McNugget slims down, gets a makeover

Emboldened by the sales-swelling launch of premium salads and McGriddles breakfast sandwiches, McDonald’s Corp. is set to roll out significant changes to one of its best-selling product innovations: the Chicken McNugget.

During the next six weeks, McDonald’s will begin selling a smaller, all-white-meat McNugget in all of its 13,600 U.S. restaurants. The new chicken entree is designed to be healthier and to meet a growing consumer preference for breast meat.

But it’s a risky move for McDonald’s, where McNuggets have been one of its most popular and profitable products since the company introduced them 20 years ago. McDonald’s must now convince about a fifth of the nation – those who consume 4.8 billion McNuggets – that the change is good.

In fact, “change is good” is a key phrase in McDonald’s new advertising push to tackle consumer worries head-on. The ads, run during tests this year, are specifically designed to comfort kids who gobble up the 30-percent-dark-meat McNuggets by the millions every day.

“It’s a change that’s being talked about, so they’re going to know about it,” said Wendy Cook, McDonald’s vice president of menu innovation. “Obviously, how kids are going to react to the change is key.”

If successful, the new product could help McDonald’s Chief Executive Jim Cantalupo reinvigorate a company that slowed in its growth and struggled to meet Wall Street expectations. If not, it is likely to dent those efforts.

Either way, the change also will have a tremendous effect on the U.S. poultry industry, which now uses almost half the birds grown to make processed chicken products – a market pioneered by McDonald’s.

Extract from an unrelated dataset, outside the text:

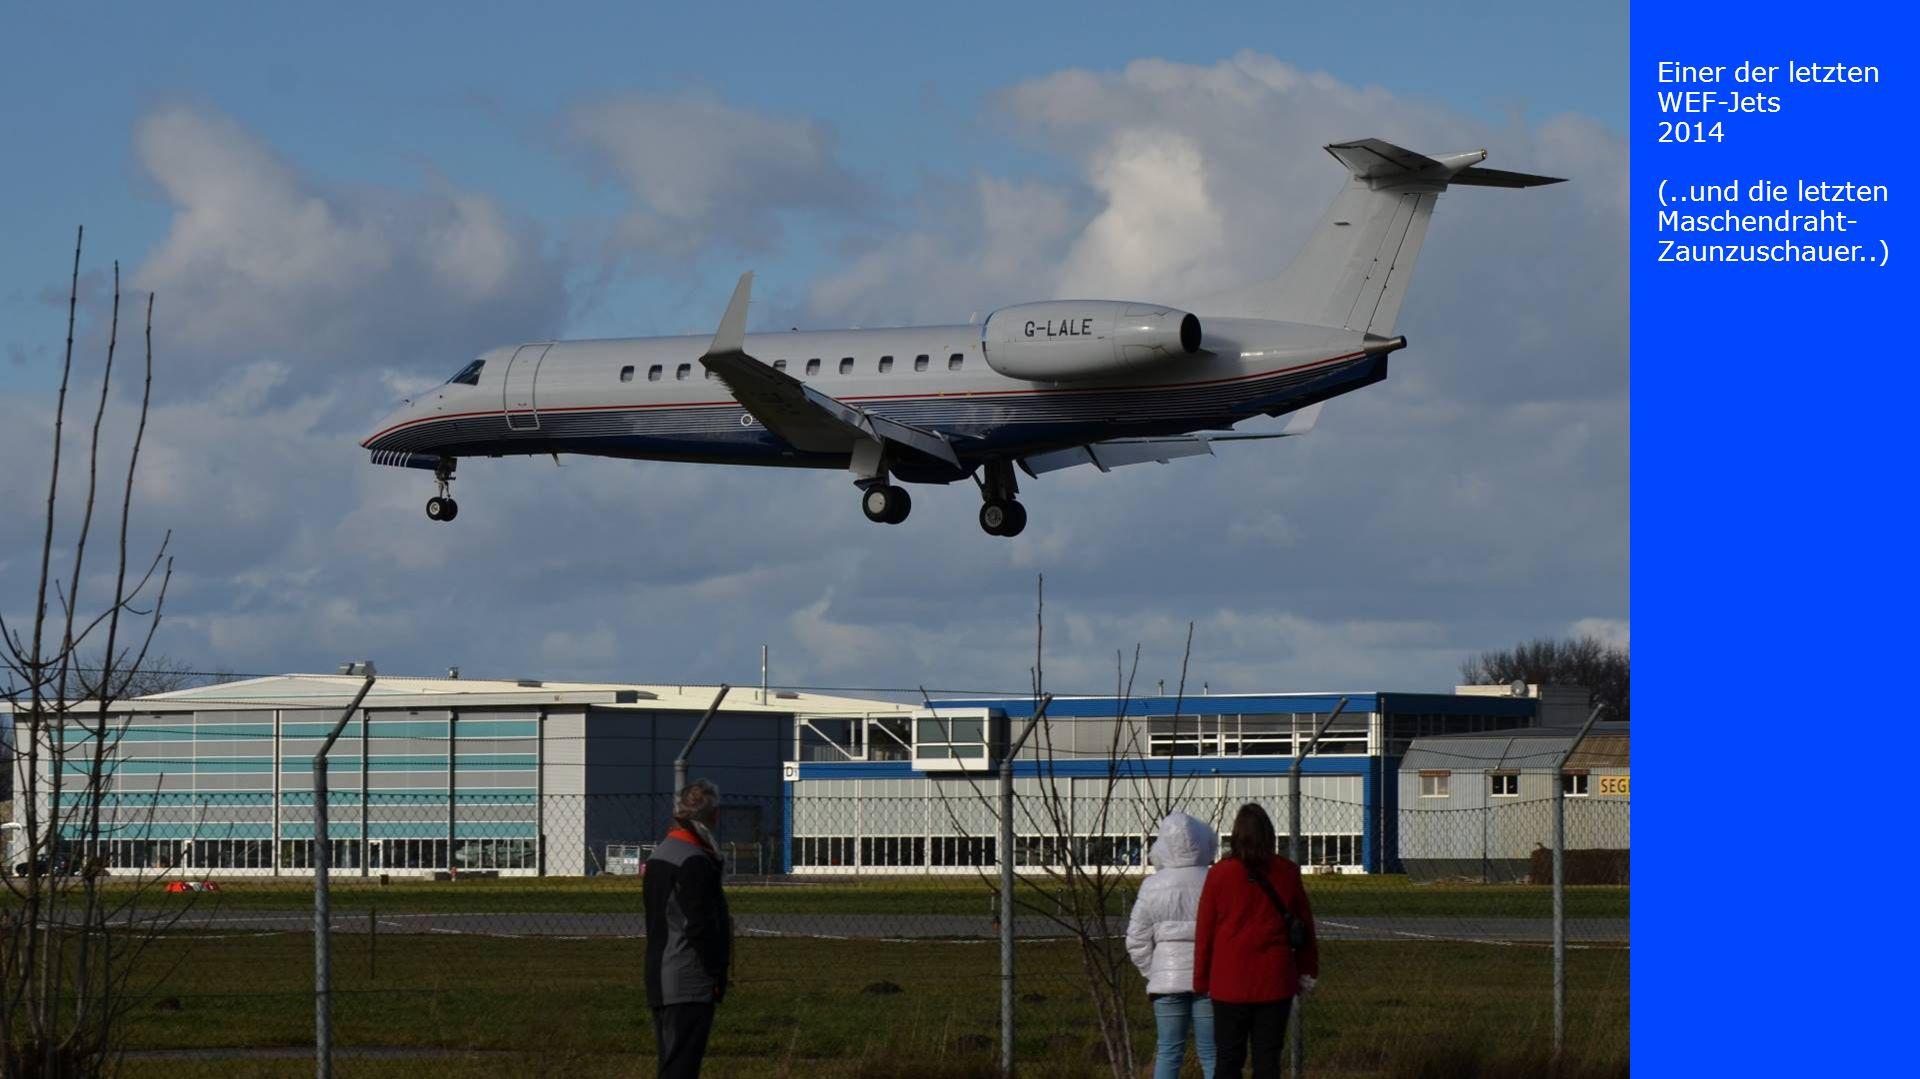 Ein kleinerer der Grossen im Backtrack Rwy 28 Gulfstream Aerospace G150 Nur ca.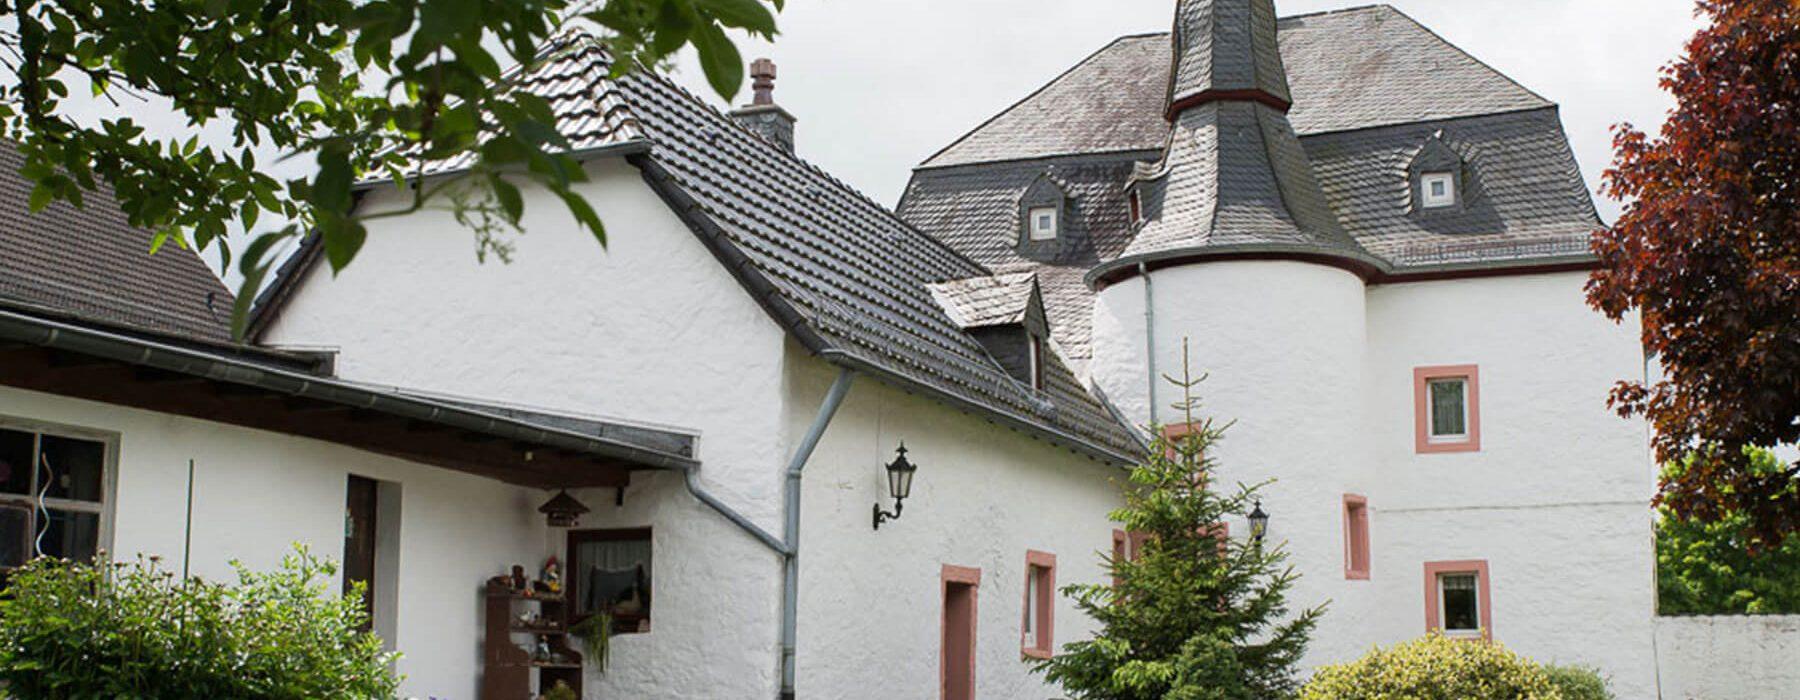 Außenaufnahme Haus

“We’re a big chicken customer for the industry, so when we make a change in chicken, the world feels it,” Cook said.

Poultry experts say it is a gamble that could backfire.

William “Benji” Mikel, a University of Kentucky professor and a specialist in meat processing and product development, worries that the move could be akin to New Coke, Coca Cola’s failed early `90s relaunch of its popular soft drink.

“I think they probably have a good idea,” he said, “but we, as consumers, we’re a fickle bunch, and there’s an awful lot of product that hits the market every year that never makes it.”

Although consumers often demand healthier options, few fast-food players have made a killing selling more nutritious food, many struggling to wean consumers off a fatty diet that is both affordable and convenient to eat on the go. McDonald’s realizes the risk in making the change, said Cook. But the company has embraced it, given the increasing demand for chicken products and changing consumer tastes. It says the switch is supported through extensive consumer tests, both in labs and restaurants, over the past six months.

“Chicken is the fastest growing category in terms of how people eat, and it’s also the largest. Chicken is very, very important to us, as beef is,” Cook said. “It’s clear now that consumers prefer white meat, so we started to work on how we might evolve the McNugget to a situation where it is now all white meat.”

Consumers still will be able to get the same number of McNuggets for the same price, but the new all-white-meat version weighs 16 grams once cooked, 2 grams less, or 11 percent lighter, than the current family favorite.

However, McDonald’s said the change is not a ploy to make more money on each McNugget.

“Our cost per nugget is higher. White meat costs more than dark meat,” Cook said.

And as demand for breast meat increases, other less powerful chicken buyers might look to change to using more dark meat.

“You may see some other people using cheaper cuts for their products because they can’t compete with a McDonald’s,” Mikel said. “There’s no doubt such a change will have a huge impact on the industry, which can’t simply just ramp up production.”

In addition to reassuring advertising for the new McNugget, the relaunch will be accompanied by new packaging and marketing to highlight the nutritious value of eating all-white-meat McNuggets, the company said.

McDonald’s representatives said they have been contemplating a switch for years, denying that current concern over fast rising rates of obesity is driving the change. However, the launch is well-timed for McDonald’s, which recently has come under especially harsh criticism on the healthiness of its food.

The company this year secured the dismissal of a high-profile lawsuit in New York that accused McDonald’s food of causing obesity in two children, but not before the judge opined that McNuggets were a “McFrankenstein creation of various elements not utilized by the home cook.”

In an early judgment in the case, the judge listed 30 or 40 ingredients other than chicken, highlighting the fact that McNuggets were far fattier than burgers, and he questioned whether consumers really knew about the manufactured nature of the product.

The new six-piece, all-white-meat McNugget meal will contain 260 calories, down from 310. With 16 grams of fat per six-piece serving, the new version shaves a fifth of the worrisome fat from the meal.

Whatever the case, for most of the millions of kids who munch on McNuggets, the bottom line is maintaining the familiar taste, a fact McDonald’s is acutely aware of.

“That was basically the essence of our testing, so we focused on making that right,” said Cook. “Kids don’t like change. We don’t want to disappoint any of our customers, especially our youngest customers.”